Serge POLIAKOFF 塞爾日•波利雅科夫
Russian-French 1900-1969

One of the most recognized abstract colorists and tachists after WWII, Serge Poliakoff was born in 1900 in Moscow. As an adolescent, he enrolled at the Moscow School of Painting, Sculpture and Architecture. He fled the Russian Revolution in 1917 then settled in Paris in 1923, where he studied painting at the Académie de la Grande Chaumière and the Académie Forchot in Montmartre. From 1935 - 1937 Poliakoff stayed in London and attended the Slade School of Art. He discovered the abstract works of Wassily Kandinsky and the couple Robert and Sonia Delaunay that had a profound impact on his understanding of color, encouraging him to go pure abstraction.

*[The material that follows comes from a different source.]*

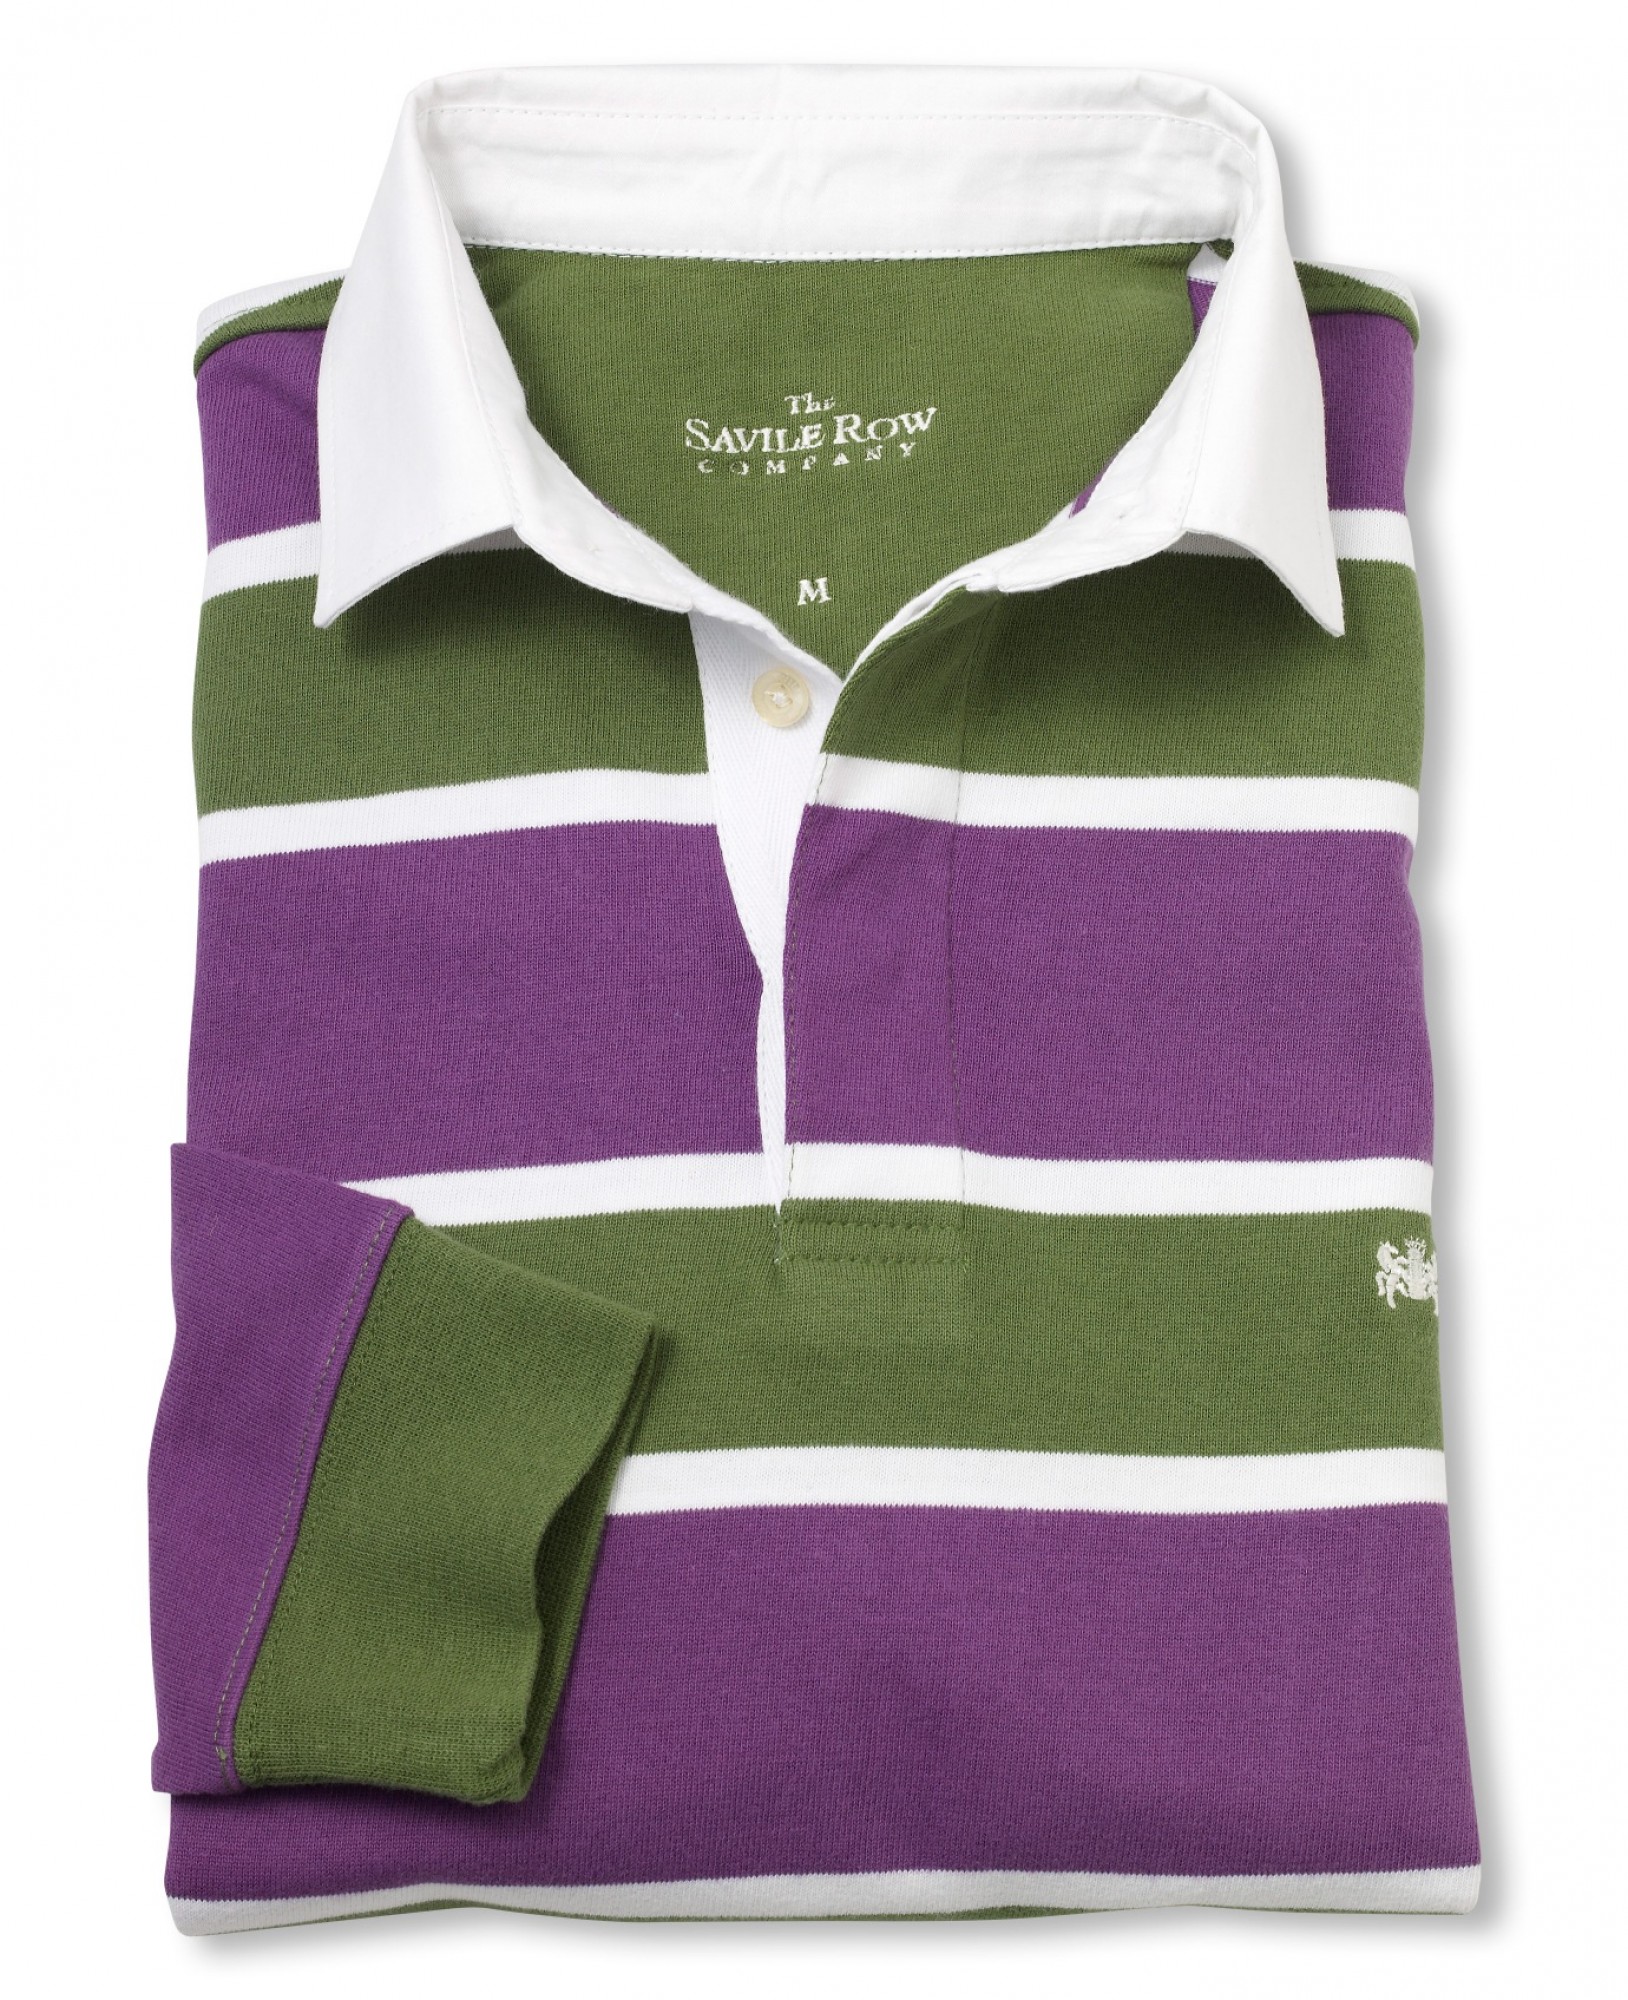 Savile Row Co. Purple White Green Stripe Rugby Shirt XL

Poliakoff’s abstract work features irregular geometric forms, which are simple, made by pure colors and harmoniously combined into a balanced composition. The forms are arranged with rigor that one fit into another, with the vibrancy of color and texture, creating an unique energetic tension. His works are included in the collections of MoMA in New York, the Tate Gallery in London, the Malmö Konsthall in Sweden, and the Hirshhorn Museum and Sculpture Garden in Washington, D.C., among others. Recent exhibitions include: “Serge Poliakoff: The Dream of Forms”, Musée d’art moderne de Paris (2013); “Serge Poliakoff: Silent Paintings”, Timothy Taylor Gallery, London (2015).